Motherfuckers just love them some Lobot

The thing about the Star Wars universe is that it’s a place where literally anything can happen.  A new Star Wars movie has to have a few things – an opening crawl, Across The Stars, lots of wipes, robot sidekicks, someone having a bad feeling about something.  But the story could be anything.  It could be your standard Campbellian Chosen One epic.  It could be about a mob war between space slugs and yetis.   It could be a Magificent Seven riff on a frontier world, or an Aliens riff on an abandoned space station, or a Die Hard riff on a Star Destroyer, or a heist film a la Ocean’s Eleven where the crooks have literal magic powers instead of just being impossibly cool, or a noir riff with a jetpacked bounty hunter playing the Sam Spade role, or a hard-nosed military drama following Rogue Squadron, or The Bourne Identity where the amnesiac can move things with his mind.  Terminator where John Connor has a squidhead.  The Great Escape on an unstable asteroid prison. Jaws with a giant sandworm.  The Dirty Dozen with cyborgs and green muppets and smugglers and fishmen.  Mutiny On The ExecutorDances With Wookies.  A buddy cop movie where Murtaugh is an android and Riggs has a human butt for a chin.

“Diplomatic Immunity, my faceass!”

Basically, any movie that features gangsters, aliens, wizards, cowboys, samurai, zombies, or robots (so, all the good ones) can be worked into the Star Wars universe.  George Lucas did something back in 1977 that I’m sure would’ve been impossible if he had set out to do it specifically.  He fused sci-fi with fantasy, and through some mysterious alchemy, created a potent hybrid with all the myriad story potential of both that somehow appealed to mainstream audiences that don’t have much taste for either.  It was a world so vibrant, so teeming with life that seemed to extend for parsecs past the edge of every frame, that people didn’t care much that the dialogue could be clunky and the lead was a bit whiny and bland (he did get better as the series progressed!) and kinda wanted to pork his sister. That world is so overflowing with potential that it hardly seemed to matter that the prequels were flat out bad, and didn’t take advantage of it, instead focusing intently on familiar characters and setting up the things we already know all about.  It’s why even though I don’t like a one of them, I can’t write off the possibility that Ep.
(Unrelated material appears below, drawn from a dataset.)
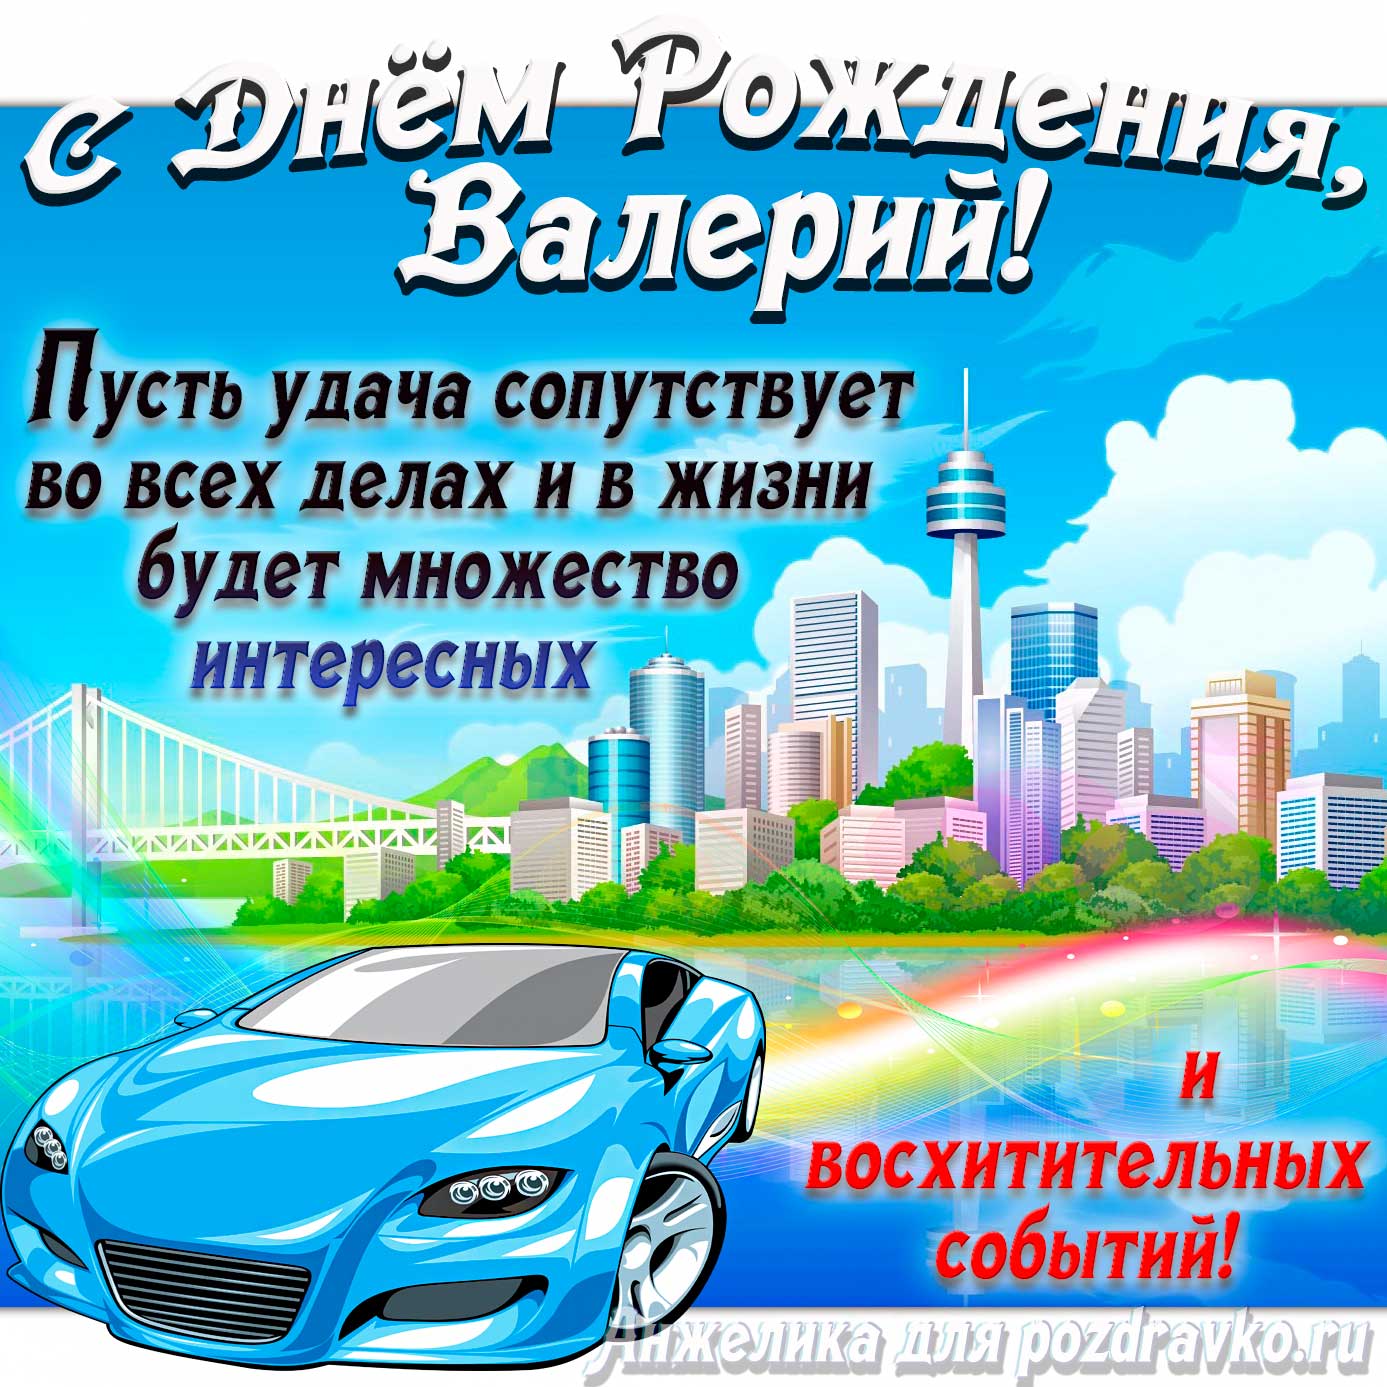 Открытка - с Днём Рождения Валерий с голубой машиной и пожеланием. Скачать бесплатно или отправить картинку.

VII might actually be good.

It’s also why I’m not interested in seeing how Han and Leia are doing in retirement.  Do something else.  Do anything else, because if you can think it up, it can fit in Star Wars.   It’s too bad that Ep. VII has to be, well, Ep. VII, because it suggests that it will be trying to tie things fairly tightly to the prior series, most likely to its detriment.

I may not be able to still care when it comes out in 2015, but for now I’m trying to be guardedly optimistic.  The news that will really perk me up, though, is when it is announced that the next movie/TV show in development will be set far away from the previous ones, like 100 years + past the OT, or way back in the era of the Knights Of The Old Republic games, thousands of years before The Phantom Menace.  Something with that distance would be freer to be its own thing, and function as a homage to the originals, focusing on recreating the spirit and intangibles that made it fun and resonant rather than getting bogged down in hyper-specific references and servicing characters who received perfectly good resolutions in 1983.  To get a story that is new and exciting while having a feel that is familiar and inviting.  That’s the best we can hope for, I think.  The worst…well, the worst is that we get another crappy blockbuster or two and a giant corporation is out a couple billion dollars.  Call me crazy, but I don’t think I hate these odds.

“Wow, what a well thought out essay.  All in favor of retroactively revoking all quasi-sexual contact with Al and pre-rejecting any future applications?”